Шрифт:
Интервал:
Закладка:
— В этом вы можете быть абсолютно уверены. Его безупречная репутация — залог успешного выполнения задания.
— Хорошо. Что от меня требуется?
— Ничего сверхъестественного. Восстановить с ним связь и продолжить работу.
Рука Плакидина с папиросой повисла в воздухе. Он не мог поверить в то, что услышал, и, с трудом находя слова, переспросил:
— Я… я… не ослышался?
— Нет.
— К-а-а-к! Вы доверяете врагу народа?
На лице Фитина появилась болезненная гримаса, он нажал на кнопку звонка — в дверях появился помощник — и распорядился:
— Принесите чай и что-нибудь к нему.
— Есть! — ответил тот и вышел.
В беседе возникла пауза. Фитин не спешил форсировать события и решил дать время Плакидину прийти в себя. Иван вытащил из пачки новую папиросу, но так и не закурил. Боясь услышать самое страшное, он, не поднимая глаз, спросил:
— Что с моим сыном и женой?
— Они живы, — ответил Фитин.
— Живы?! — воскликнул Плакидин и приподнялся со стула.
— Видите ли, Иван Леонидович, — Фитин старательно подыскивал слова, — по закону близкие родственники врага народа, извините, репрессированного, подлежат…
— Я знаю. Что с ними?
— Они находятся под Нижним Тагилом, но в ближайшее время в их судьбе произойдут существенные изменения. Мы переведем их сюда в нормальные условия.
— Что значит — существенные изменения?
Фитин не стал кривить душой и честно ответил:
— В нынешнем положении больше того, что я сказал, сделать не могу. Здесь они будут обеспечены всем необходимым, а остальное — их полная свобода — зависит от результатов вашей работы в Штатах.
— Страхуетесь? — на этот раз в голосе Плакидина не было ожесточения. Со всей искренностью он заявил:
— Я вам, Павел Михайлович, очень благодарен. Вы не Господь Бог, но сделали гораздо больше, чем мог начальник разведки. Я не стану говорить высоких слов, профессионалы в них не нуждаются, наш судья — совесть и время.
— Вот и договорились, — оживился Фитин, на его лице появилась открытая улыбка, и предложил: — Пока передохните, а потом побалуемся чайком.
Иван остался один в кабинете. Из приемной доносился голос помощника Фитина, он звонил в столовую. Несмотря на поздний час, на столе перед Плакидиным появился поднос. На нем ароматно дымилась чашка с настоящим чаем, на блюдце золотились аккуратно нарезанные дольки лимона, а в вазе было черничное варенье.
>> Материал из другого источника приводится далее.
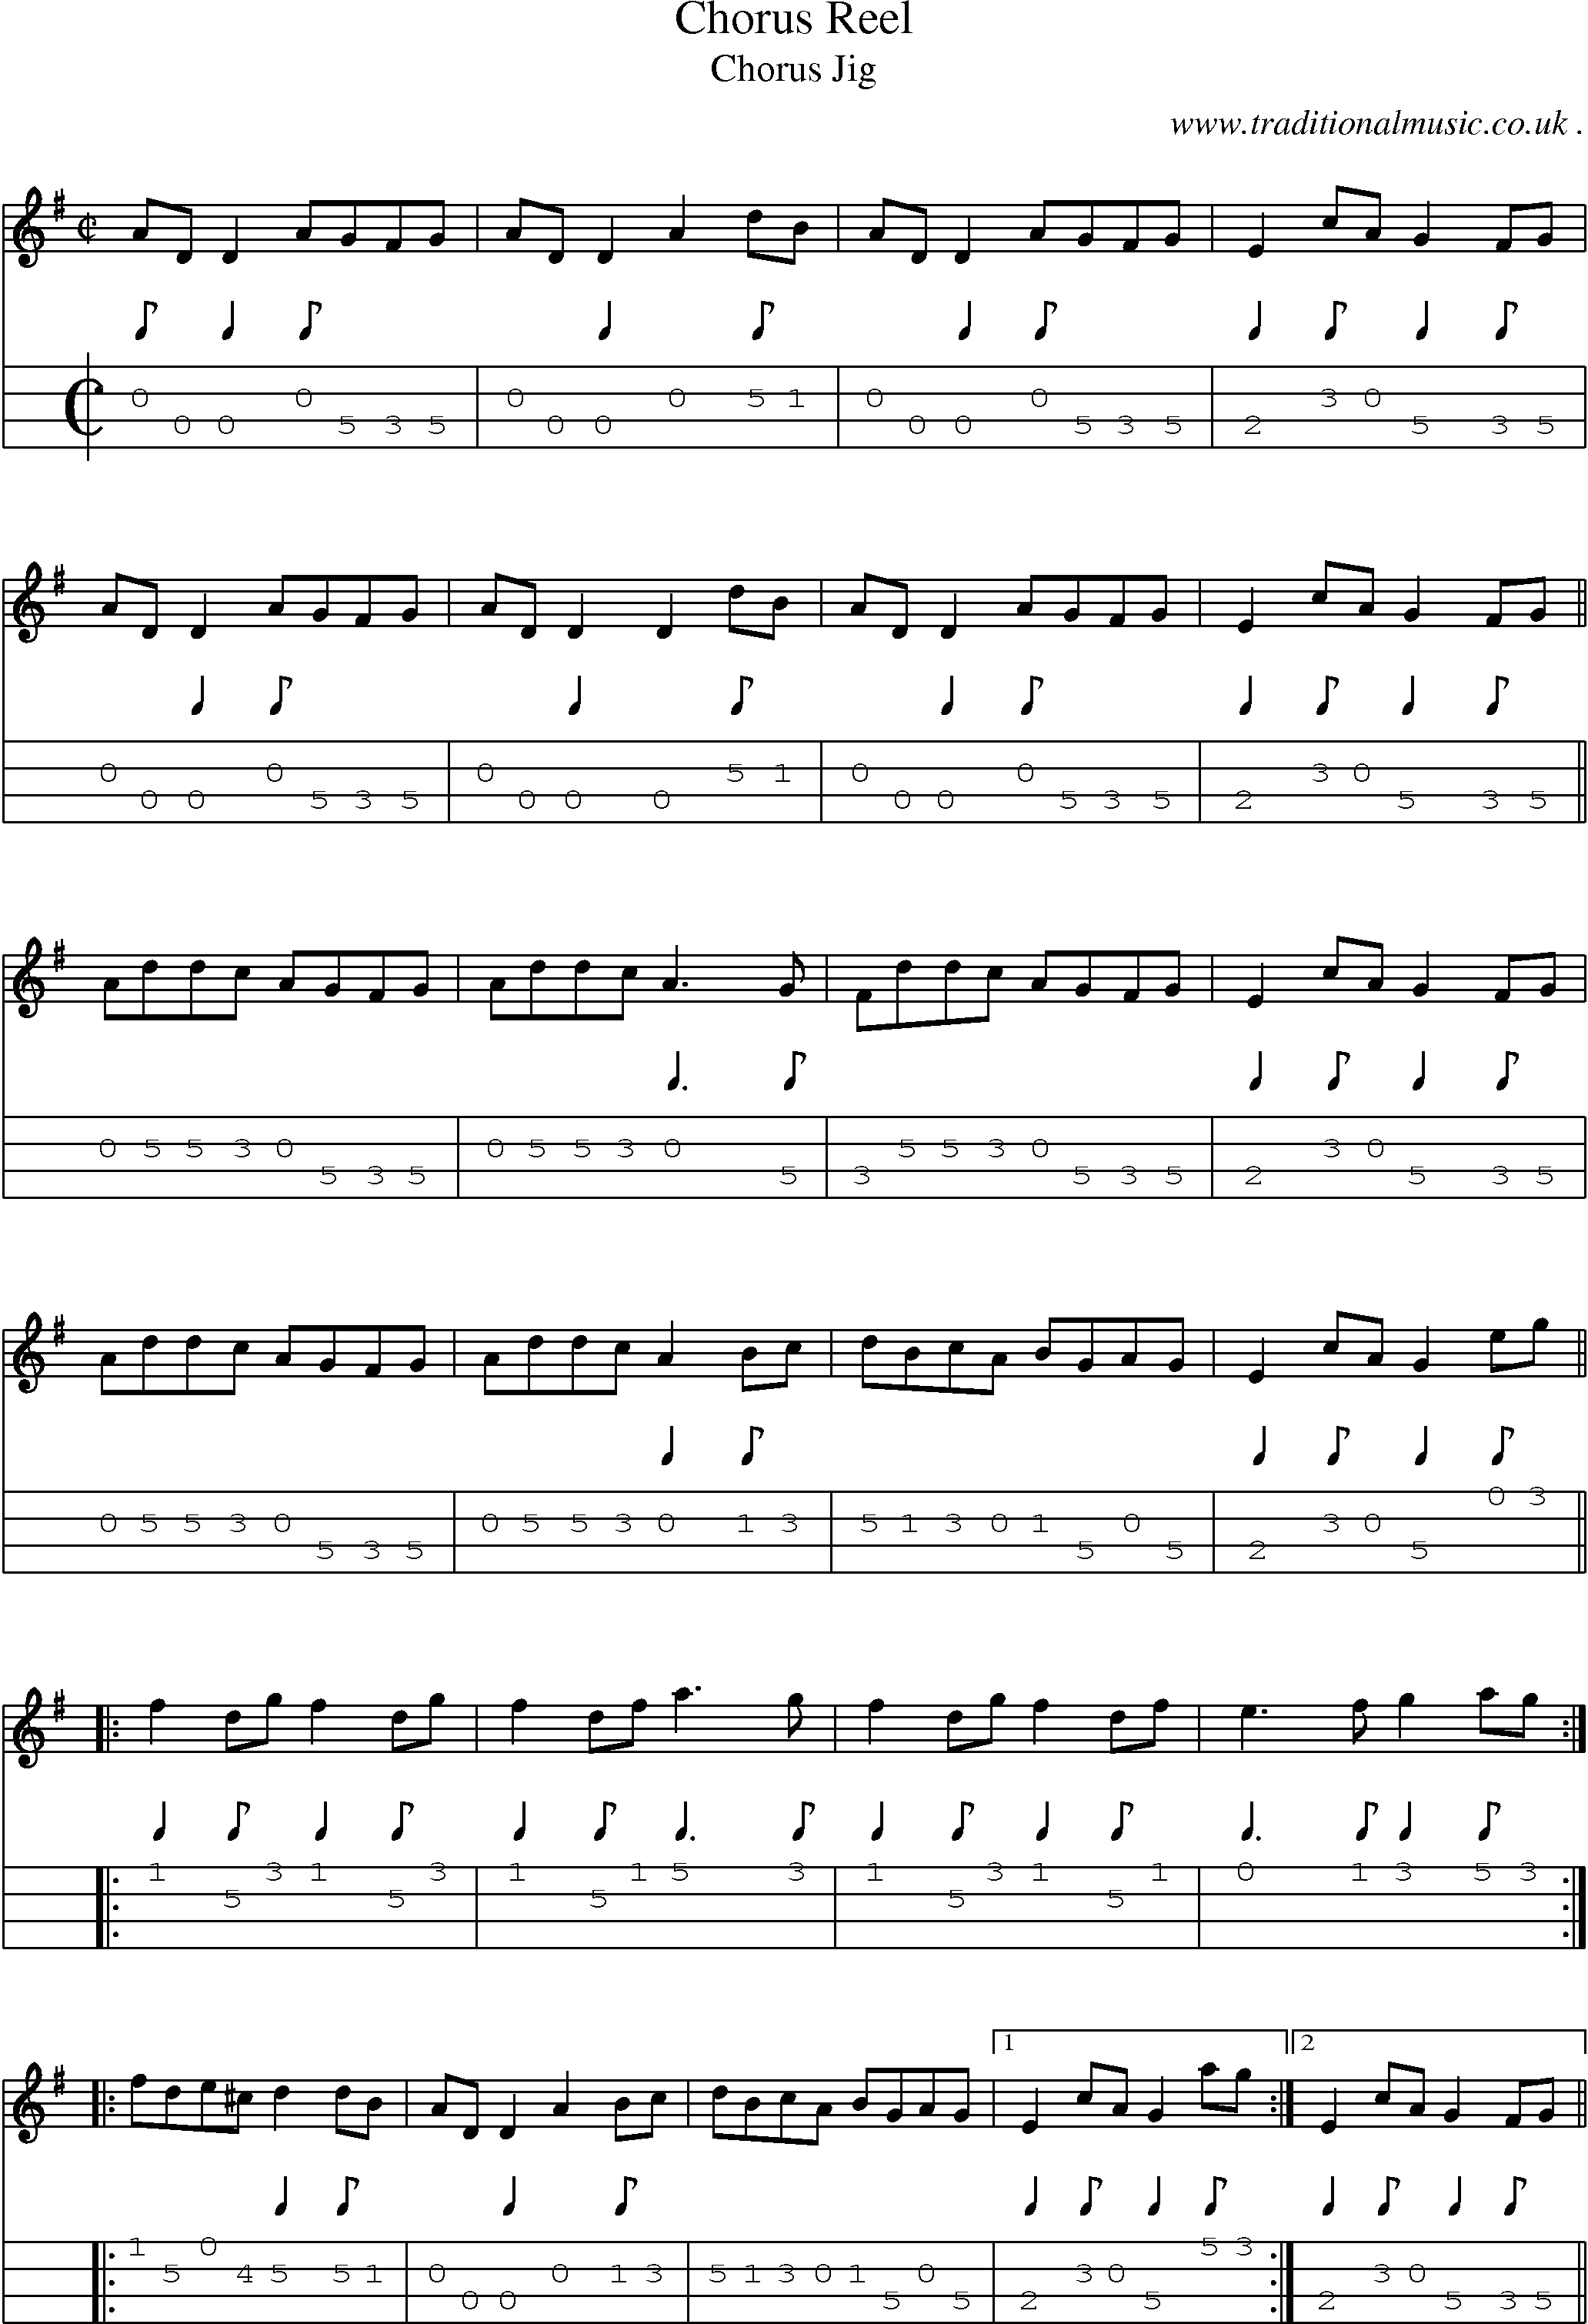 Sheet-Music and Mandolin Tabs for Chorus Reel

Иван ничего этого не видел и все еще не мог прийти в себя. За последние сутки с ним произошло столько невероятных событий, что их вполне хватило бы на целую жизнь. Ему страстно хотелось верить молодому и, похоже, искреннему в своих намерениях руководителю советской разведки.
Шум шагов заставил Плакидина встрепенуться. Из смежной комнаты в кабинет стремительно вошел крепко сбитый, но уже успевший погрузнеть мужчина, за ним показался Фитин. Не здороваясь, он прошел к столу, уверенно занял кресло начальника разведки, а тот так и остался стоять.
— Садись, Павел Михайлович, — властно произнес вошедший и впился глазами в Ивана.
Тот поежился под его тяжелым взглядом, и холодок обдал спину — перед ним сидел Берия. Вблизи нарком сильно отличался от своих парадных портретов, висевших в кабинете начальника лагеря и в клубе. Большие залысины и серый цвет лица старили его.
Разговор начался с неожиданного вопроса Берии:
— Плакидин, на советскую власть обижаетесь?
— Нет, я за нее сражался, — помедлив, ответил Иван.
— Правильно делаете, — категорично отрезал Берия и заговорил чеканными словами:
— Честные коммунисты не имеют ничего общего с наймитами мировой буржуазии, пробравшимися в ряды чекистов и пытавшимися захватить власть в партии и стране! Товарищ Сталин разгадал их коварные планы и, опираясь на здоровые силы, вырвал с корнем ядовитое жало у этой гидры! К сожалению, — здесь тон Берии стал еще жестче, — многих жертв удалось бы избежать, если бы мы, чекисты, проявили политическую бдительность. Из-за нашей близорукости немало врагов народа проникло в органы государственной безопасности. Ловко маскируясь, они вершили черные дела. Тысячи честных коммунистов и беспартийных были ими оклеветаны и брошены в лагеря. Эти оборотни замышляли отравить товарищей Сталина, Молотова, Ворошилова и уже предвкушали близкую победу, но просчитались. Преданные чекисты под мудрым руководством товарища Сталина сорвали с них маски и разоблачили предателей. Ежов, Миронов и их пособники ответили по заслугам за совершенные преступления. Сегодня мы расплачиваемся дорогой ценой за то, что эти мерзавцы натворили, — и кулак Берии обрушился на крышку стола.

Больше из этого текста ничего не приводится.